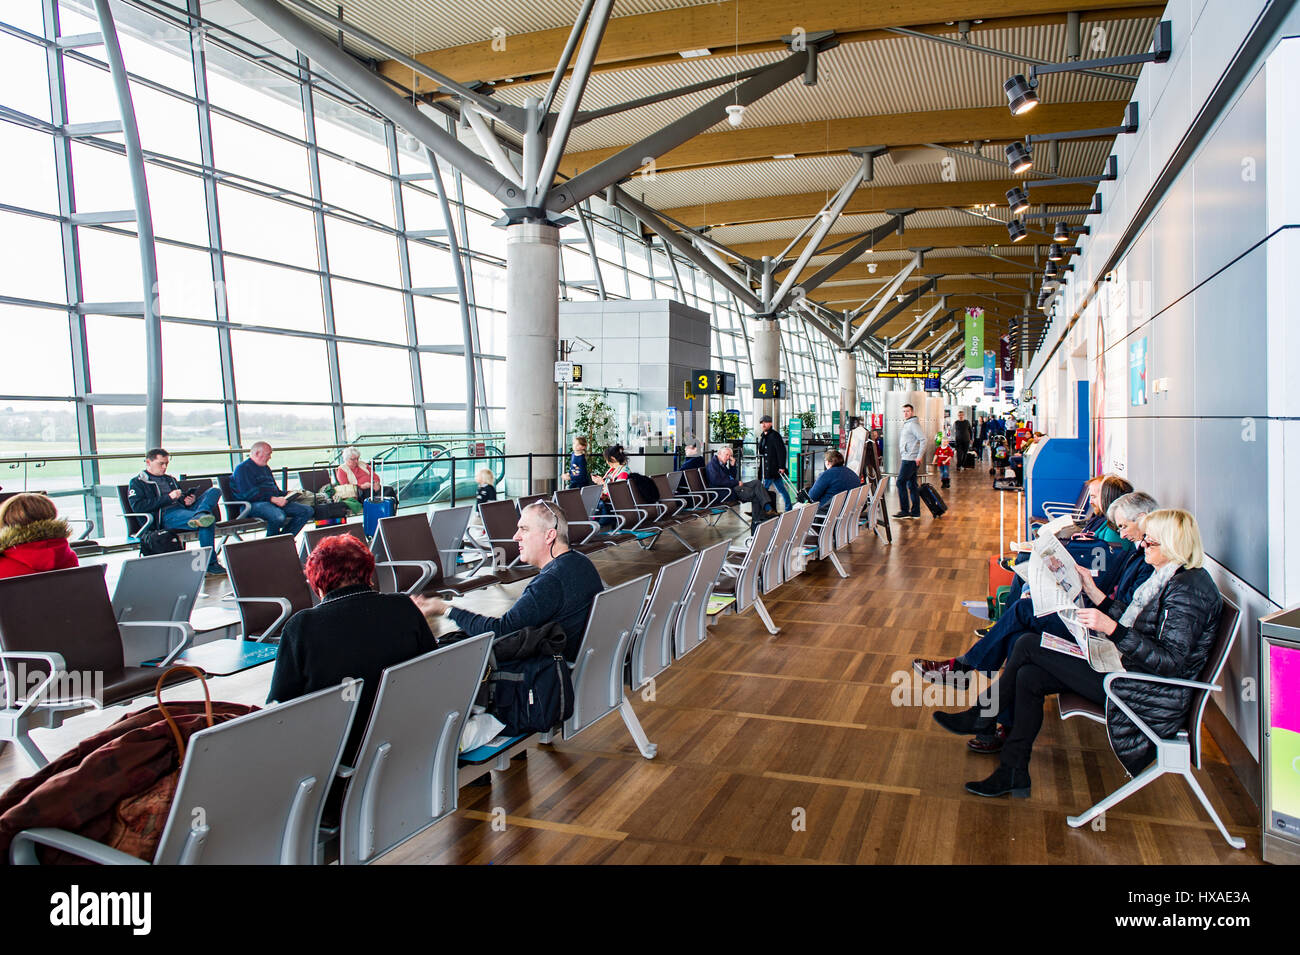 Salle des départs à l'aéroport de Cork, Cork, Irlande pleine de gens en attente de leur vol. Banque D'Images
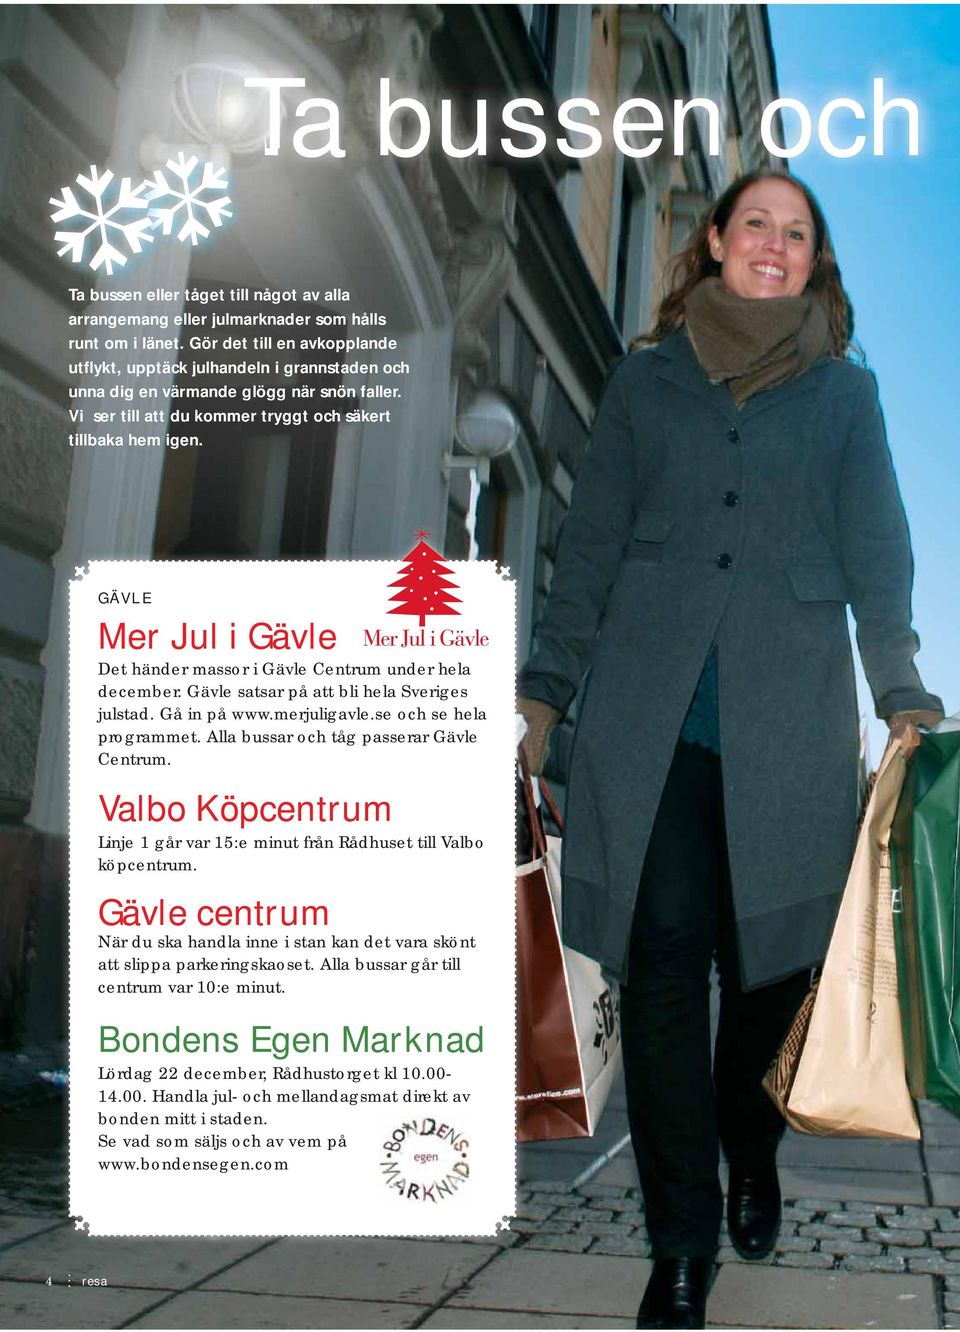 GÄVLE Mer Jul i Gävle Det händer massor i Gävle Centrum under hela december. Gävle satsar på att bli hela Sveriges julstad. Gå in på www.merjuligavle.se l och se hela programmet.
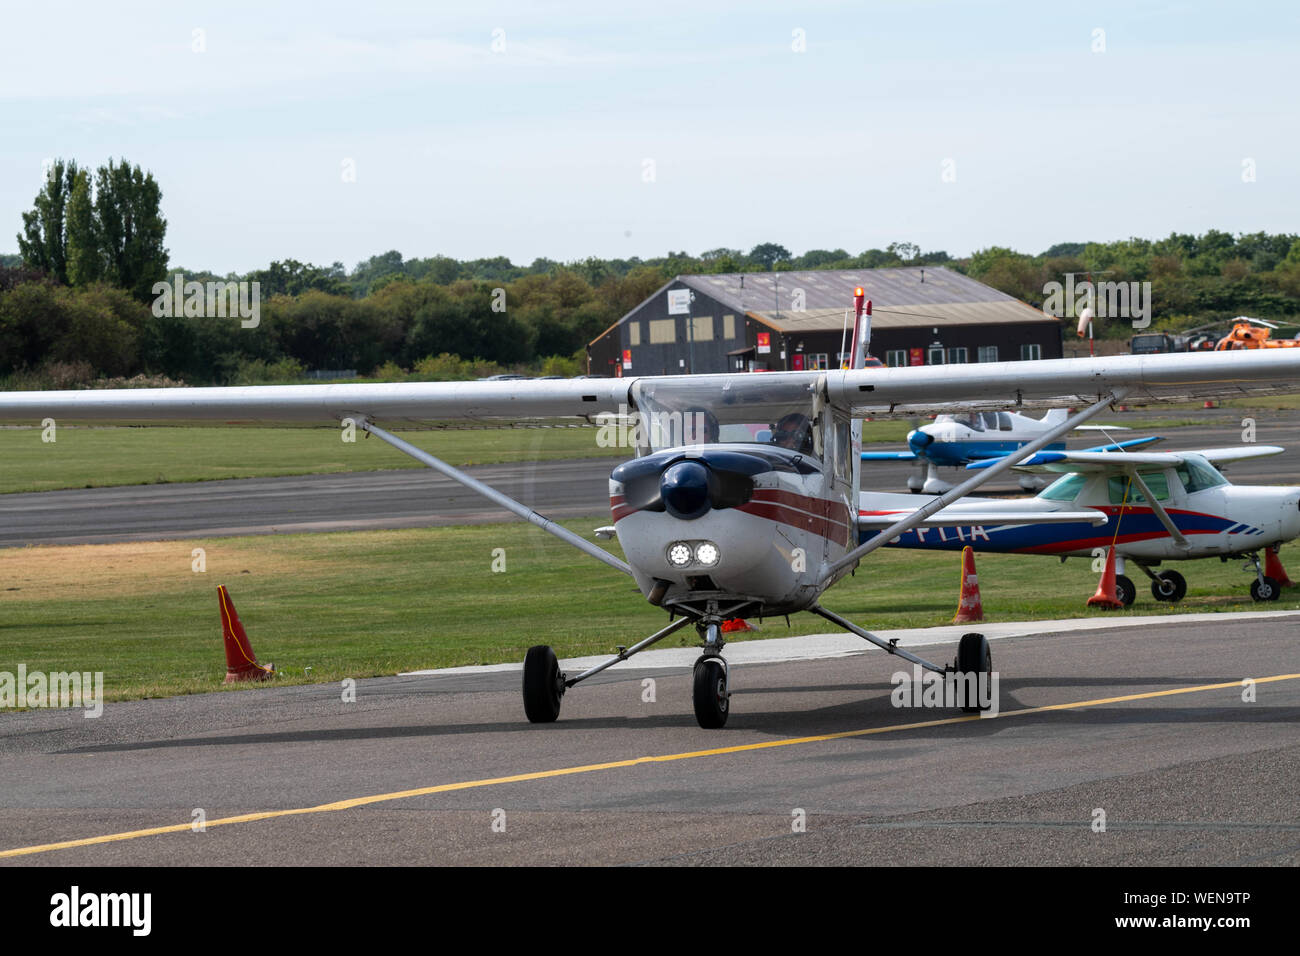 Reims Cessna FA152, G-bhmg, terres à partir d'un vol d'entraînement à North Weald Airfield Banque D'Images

■ ■ ■ ■ ■

- [THE PROBLEM] Extract only the lines from the line containing "GÄVLE Mer Jul" through the final line of the listing above, unchanged; pictures stay out of the copy.

- [ANSWER BOX]
 GÄVLE Mer Jul i Gävle Det händer massor i Gävle Centrum under hela december. Gävle satsar på att bli hela Sveriges julstad. Gå in på www.merjuligavle.se l och se hela programmet.
 Reims Cessna FA152, G-bhmg, terres à partir d'un vol d'entraînement à North Weald Airfield Banque D'Images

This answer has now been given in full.